EXERCISE AIM >>
Without the images, write out the whole listing exactly.
━━ SUPPLIED DATA ━━
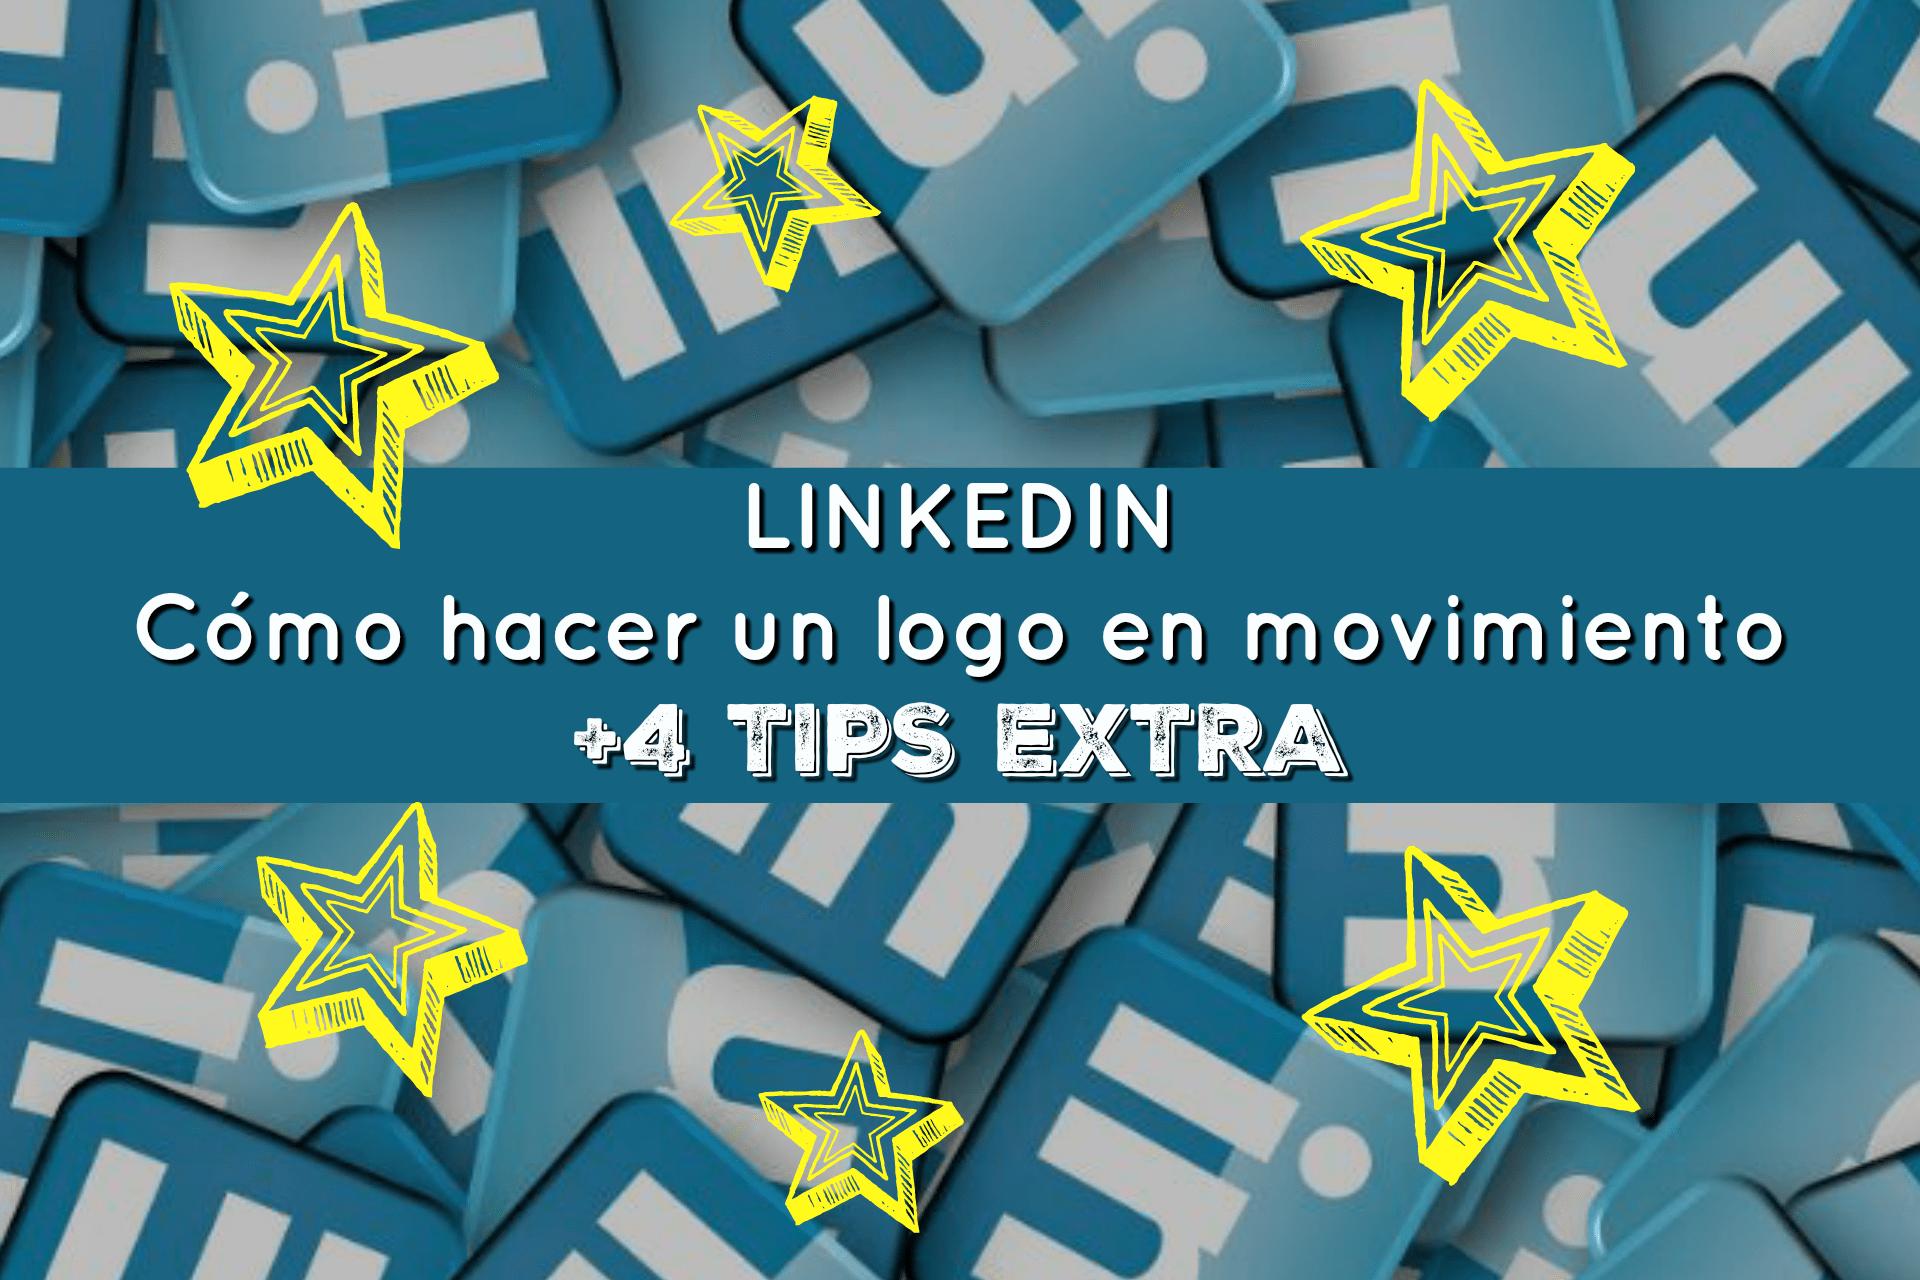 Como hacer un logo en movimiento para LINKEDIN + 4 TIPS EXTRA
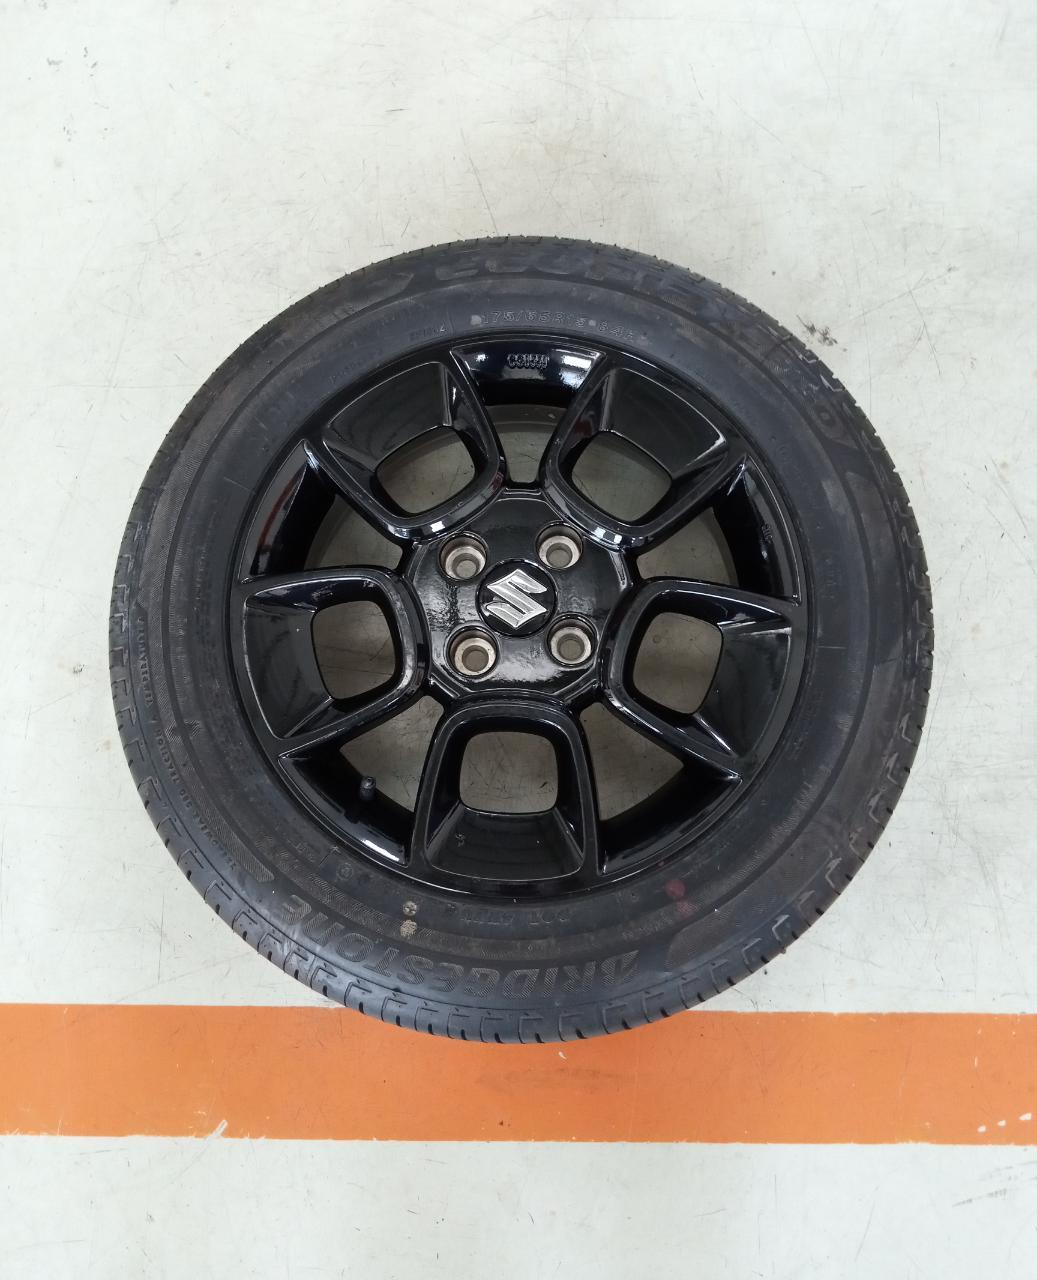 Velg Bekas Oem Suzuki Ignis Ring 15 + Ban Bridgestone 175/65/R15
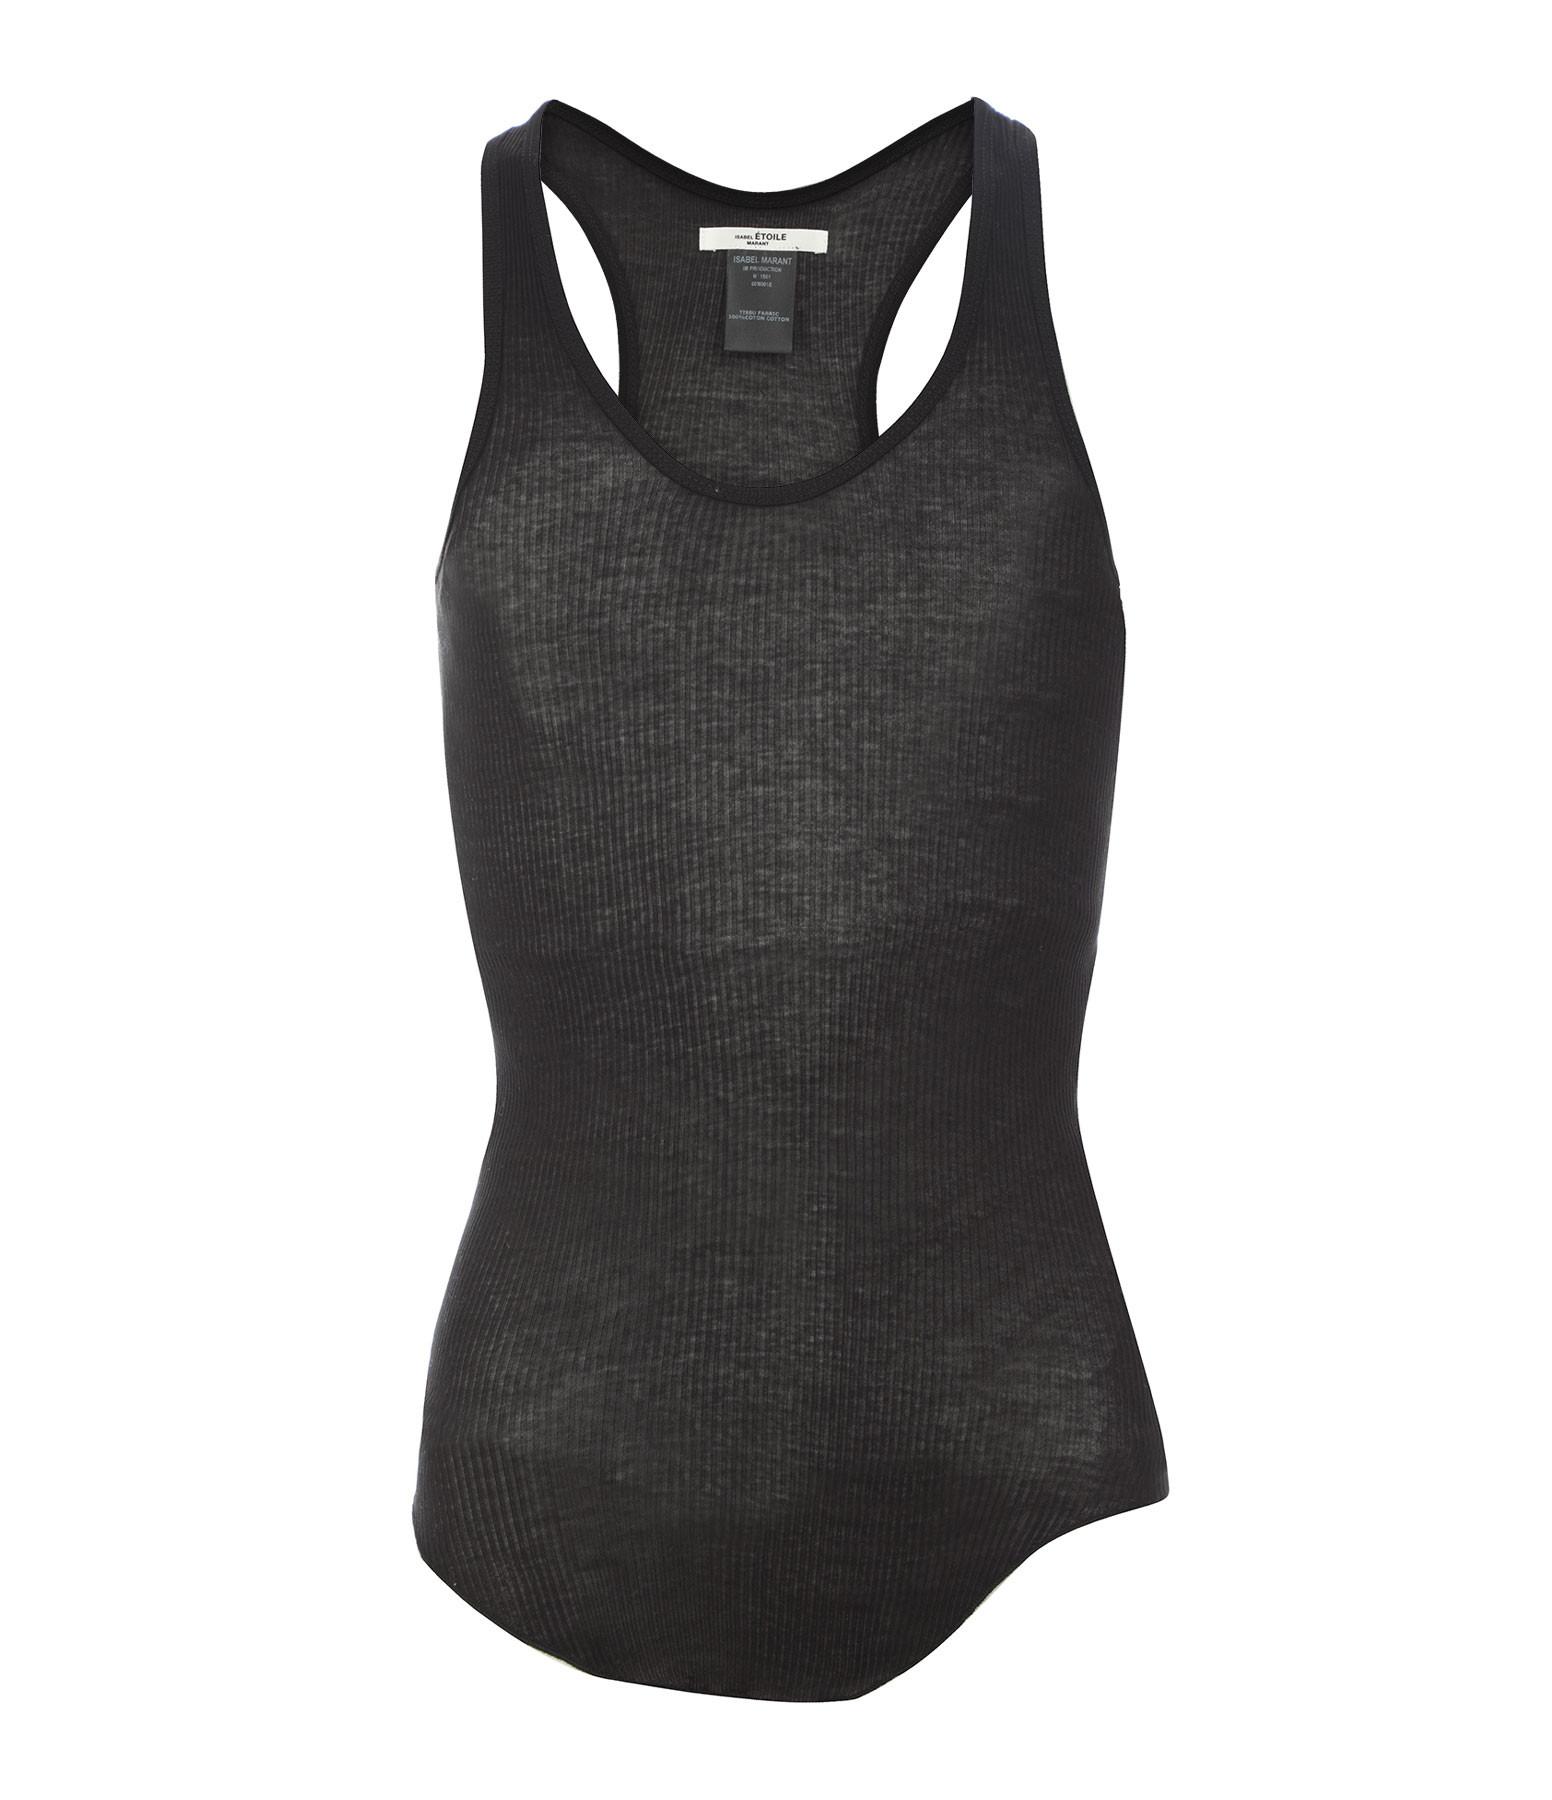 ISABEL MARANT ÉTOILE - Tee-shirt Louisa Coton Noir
━━━
RESULT OF THIS EXERCISE >>
 Como hacer un logo en movimiento para LINKEDIN + 4 TIPS EXTRA
 Velg Bekas Oem Suzuki Ignis Ring 15 + Ban Bridgestone 175/65/R15
 ISABEL MARANT ÉTOILE - Tee-shirt Louisa Coton Noir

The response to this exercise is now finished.